Effects of cross-linking and zero-link polymerization on oxygen transport and redox chemistry of bovine hemoglobin
Laboratory of Biochemistry and Vascular Biology (LBVB), Division of Hematology, Center for Biologics Evaluation and Research (CBER), Food and Drug Administration (FDA), MD 20892, USA.Biochimica et Biophysica Acta (Impact Factor: 4.66). 06/2009; 1794(8):1234-42. DOI: 10.1016/j.bbapap.2009.04.008
Cross-linked hemoglobins (Hbs) were found to have enhanced oxidative reactions which compromise the ability of cell-free Hb to carry oxygen. Zero-link bovine Hb (ZL-HbBv), also known as OxyVita, a large polymer held together by pseudopeptide bonds on the surface of adjacent tetramers, provides a model in which these reactions can be evaluated. The oxygen affinity of ZL-HbBv was greatly increased, whereas the oxygen binding cooperativity (n(50)) as well as the regulatory responses to pH and chloride ions was diminished.
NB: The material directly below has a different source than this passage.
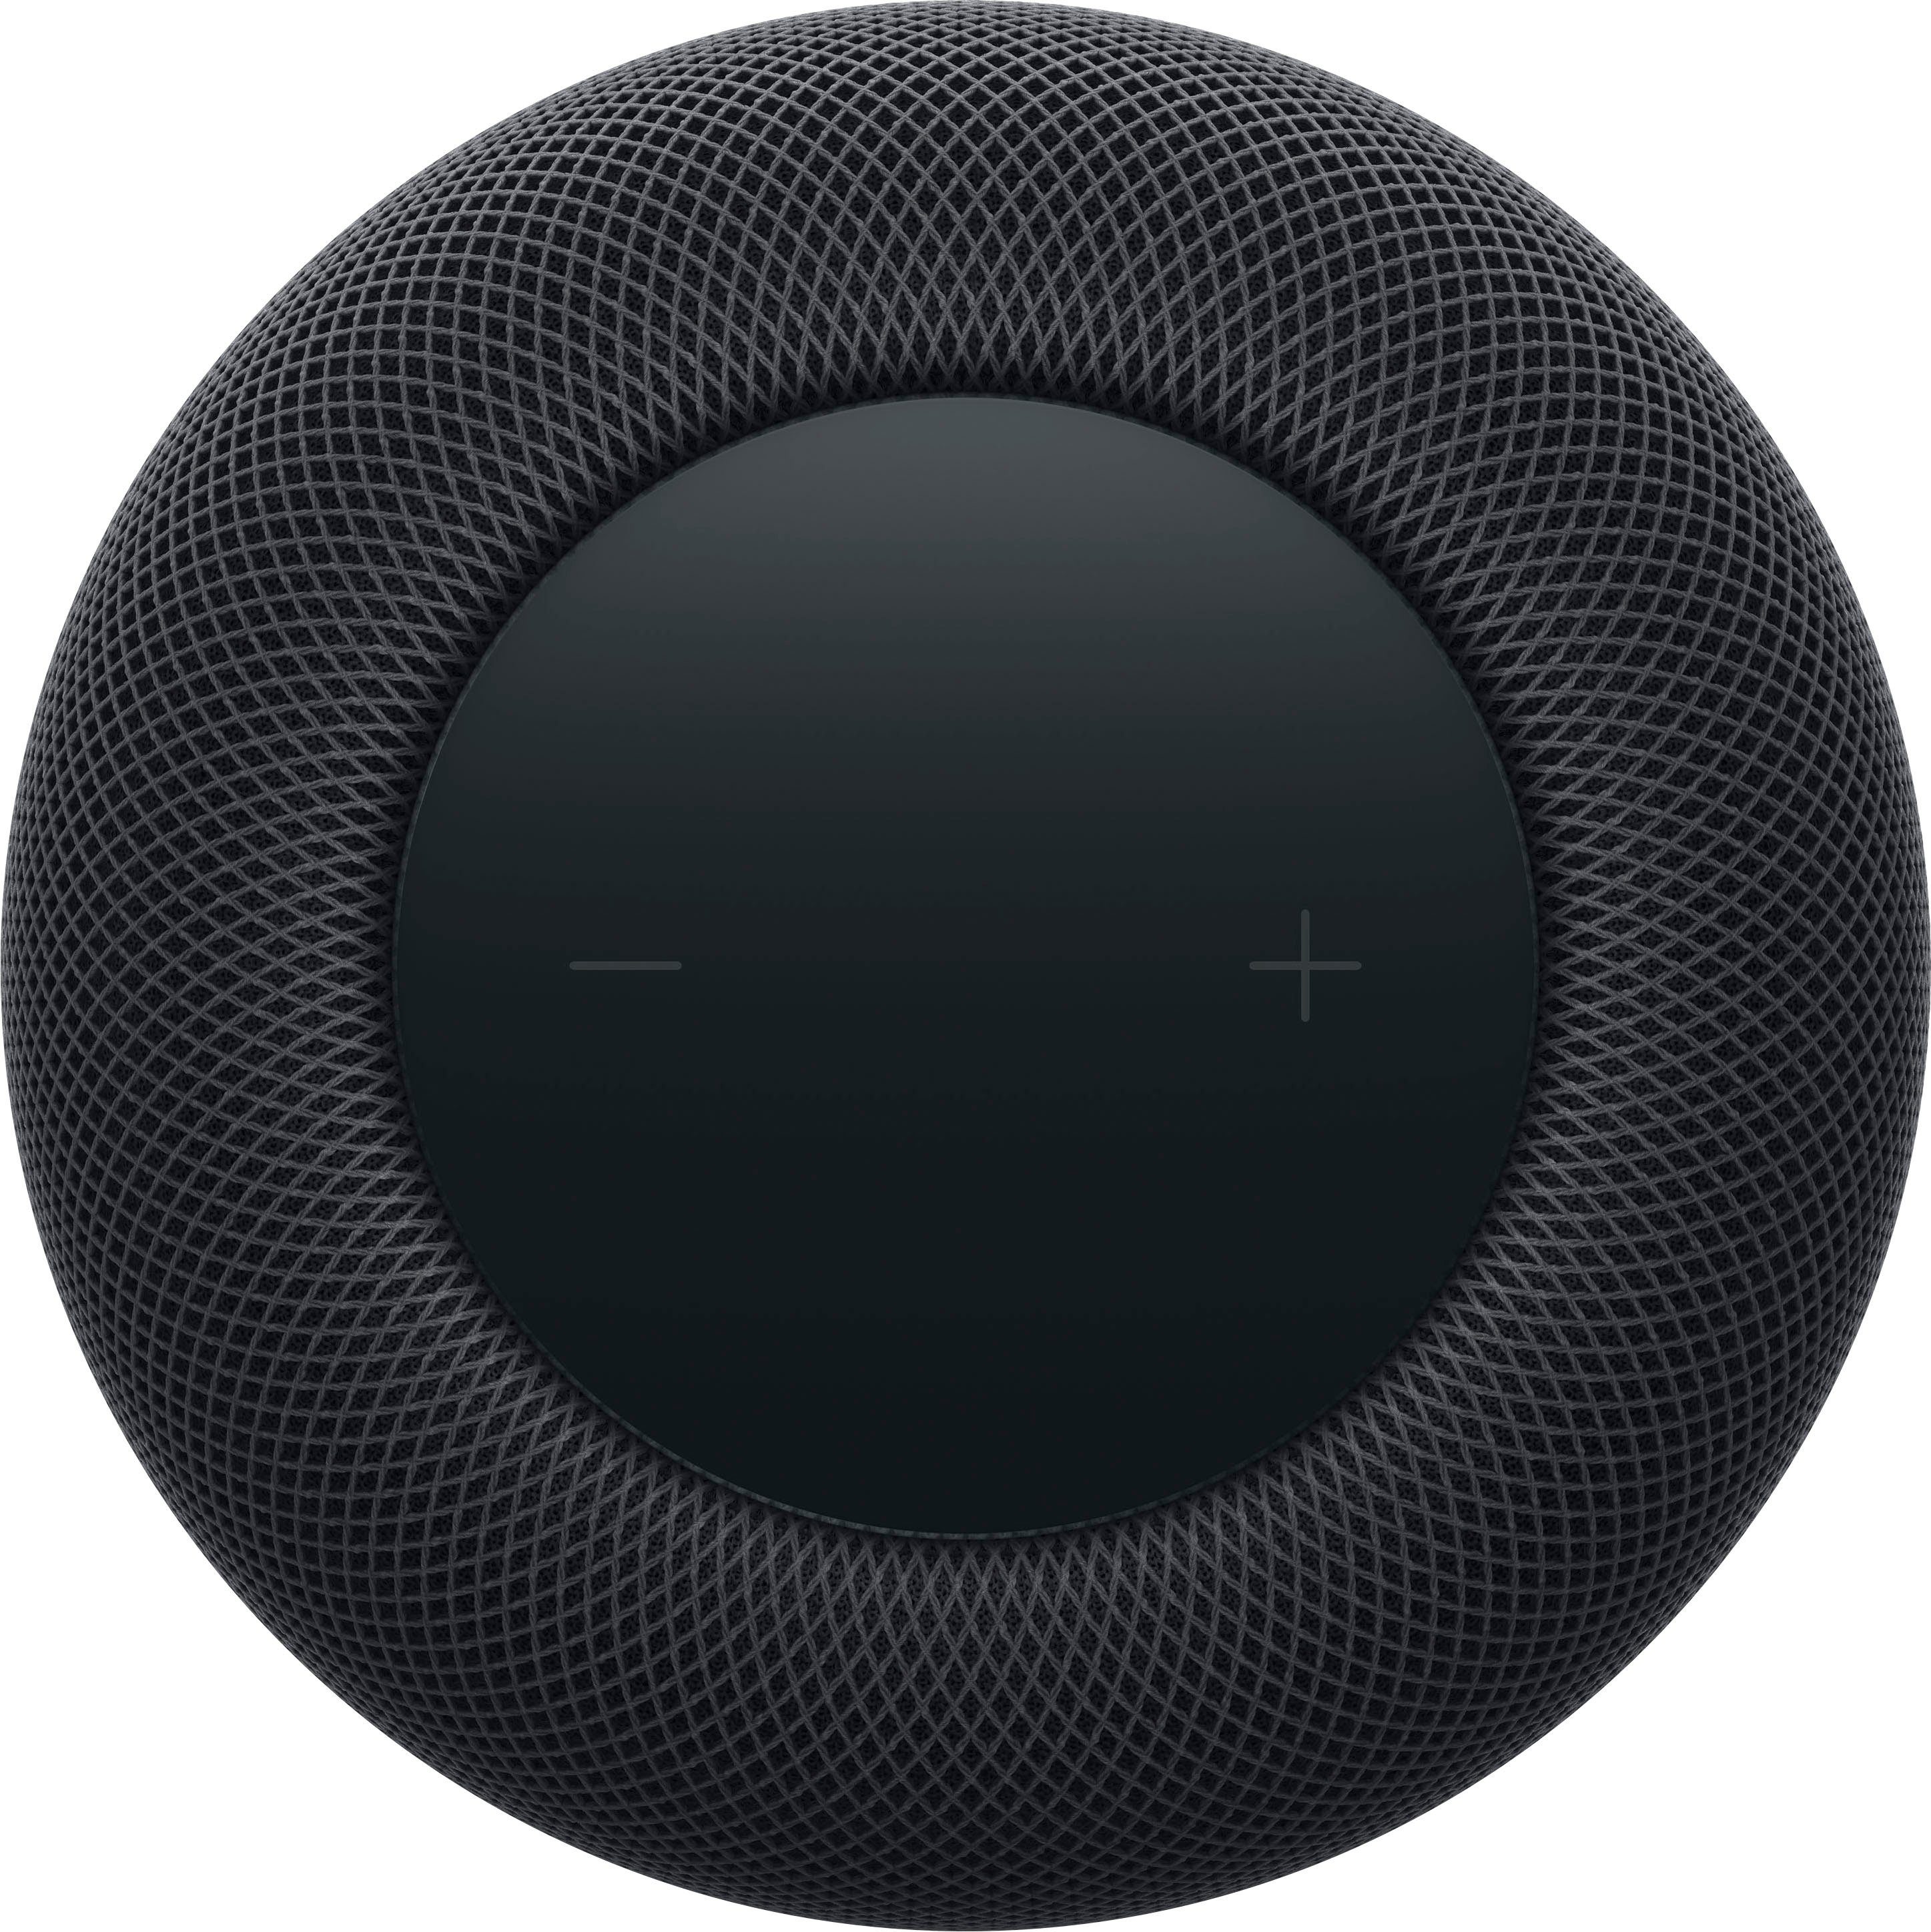 Apple HomePod 2023) 2. Gen. (Bluetooth, Lautsprecher midnight WLAN

Rapid mixing kinetic studies revealed faster carbon monoxide (CO) and nitric oxide (NO) binding to ZL-HbBv, consistent with a more accessible heme pocket conformation. The rate of autoxidation of ferrous ZL-HbBv was 3 folds faster than the unmodified HbBv (control) but only slightly suppressed by the presence of superoxide dismutase and catalase enzymes. The peroxide (H(2)O(2)) reaction rates of ferric ZL-HbBv and its degradation were comparable to that of the control. The rate of heme loss from ZL-HbBv to a mutant apomyoglobin (H64Y/V68F) was also very close to that of the control. Taken together, allosteric and redox reactions of this protein are altered due to heme accessibility to solvent, however, the compact tetramer to tetramer interaction of the ZL-HbBv polymer appears to restrict heme loss even in the presence of excess H(2)O(2).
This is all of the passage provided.